The verb phrase rule can be translated to the Perl statement $VP = “V ?($NP)? ?($PP)?”; This statement defines the scalar variable $VP as a string that contains a V possibly followed by an $NP, which is possibly followed by a prepositional phrase. The Perl statement for a sentence would then be $S = "($NP) ($VP)";. The program in Figure 7.6 provides one example of a way to implement these phrase structure rules in Perl. It also demonstrates a way to print the results of our analysis using implicit variables.

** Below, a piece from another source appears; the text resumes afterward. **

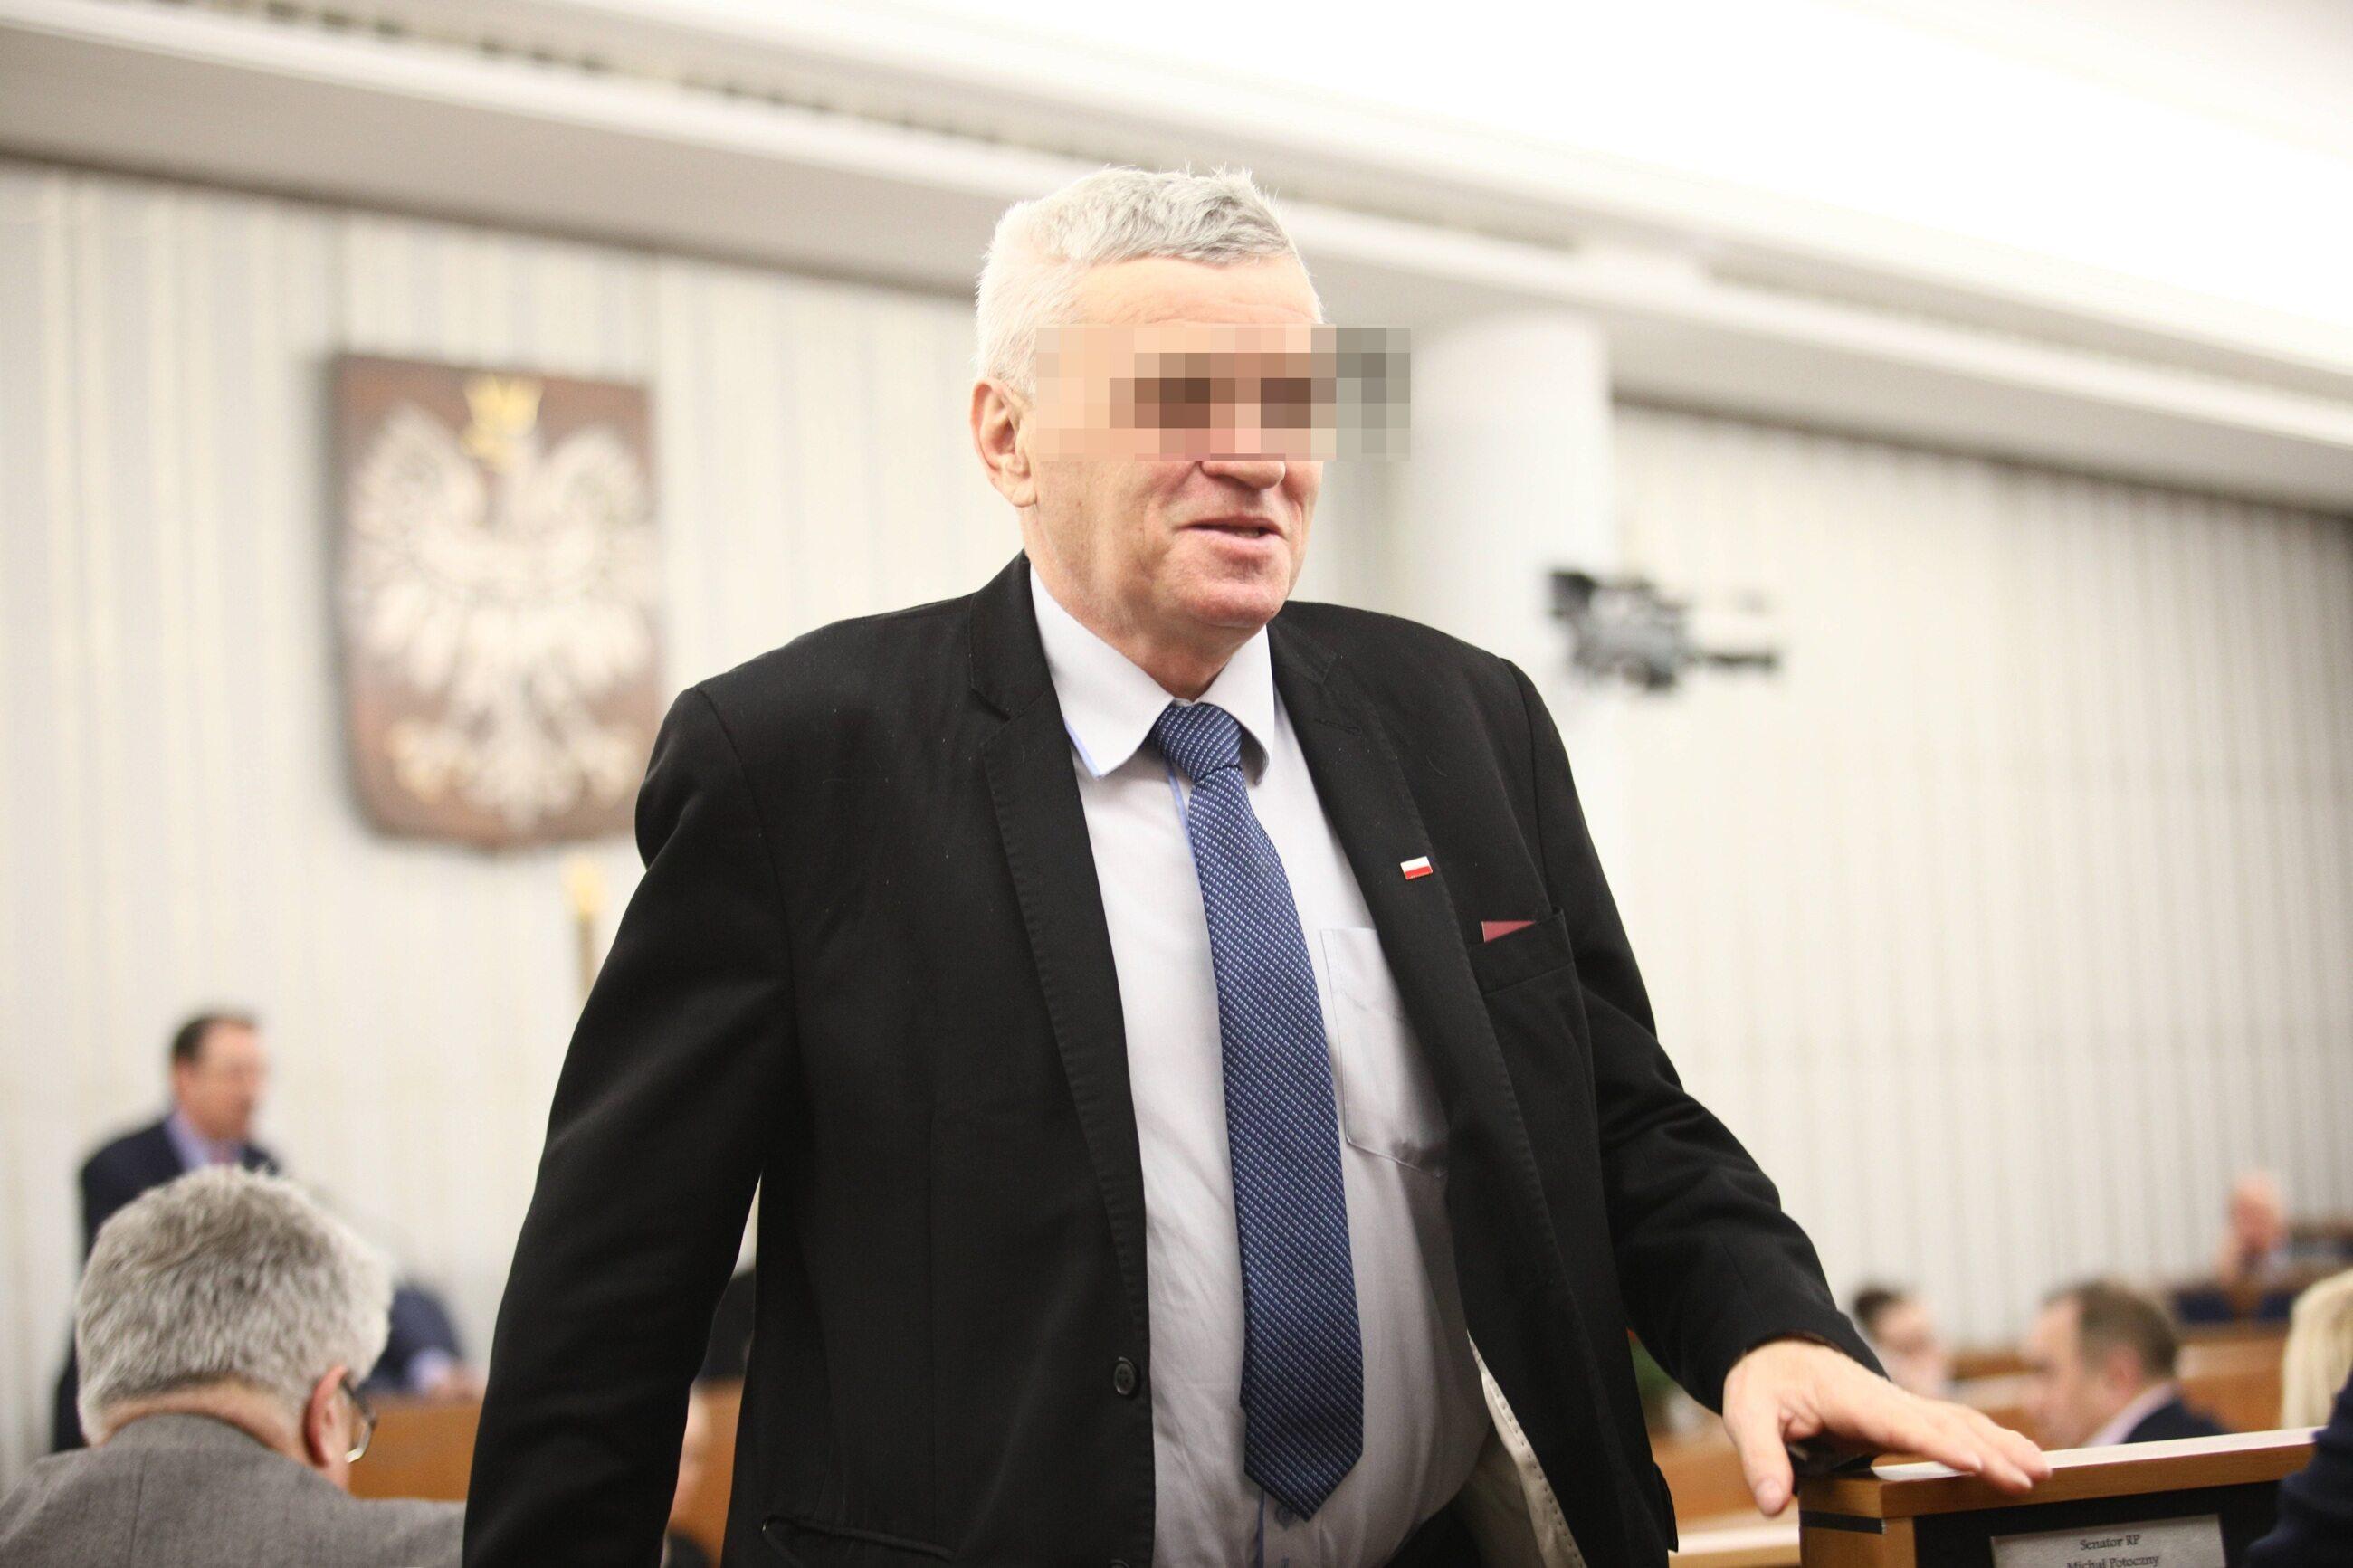 CBA zatrzymało byłego senatora PiS Stanisława K. i jego syna, a także dyrektor małopolskiego oddziału Państwowego Funduszu Rehabilitacji Osób Niepełnosprawnych.

Syn.pl puts Perl’s regular expression engine to work in recognizing the constituent structure of the input string of terminal elements. We can use the question mark quantifier ? to indicate that we expect to find zero or one instance of the categories in our string. This operator is ideal for the determiners modifying the noun phrase since there can only be zero or one determiner modifying a noun phrase. The star quantifier * allows the pattern to match zero or more instances of a given category. This quantifier is ideal for the prenominal adjectives, which can expand indefinitely (e.g., ‘my raggedy old flea bitten sweater’). Together, the question mark and star quantifiers provide us with a method of searching for optional constituents in the input string.

The parentheses in our patterns allow us to record the result of the match through Perl’s implicit variables. I include the foreach loop in the program to show what matches the program finds as well as the route Perl took to find these matches. The foreach loop comes from the Perl regular expressions tutorial (perlretut) by Mark Kvale in the Perl manual, and provides a useful tool for discovering the values of the implicit variables that Perl produces in pattern matching. The Perl interpreter keeps track of each element of the matching pattern that is between parentheses. The interpreter passes these values to a list of implicit variables $1, $2, $3, etc. Such record keeping can place a strain on the computer’s memory resources, so it is best to minimize the use of parentheses in matching patterns. A colon extension (?:) can be used when parentheses are required to disambiguate a pattern, but a record of the match is not needed. If for some reason we did not need a record of the prenominal adjectives, we could alter the noun phrase pattern using a colon extension as follows:

This statement would still extract noun phrases with any number of prenominal adjectives, but would no longer pass the adjective string to a backreference variable.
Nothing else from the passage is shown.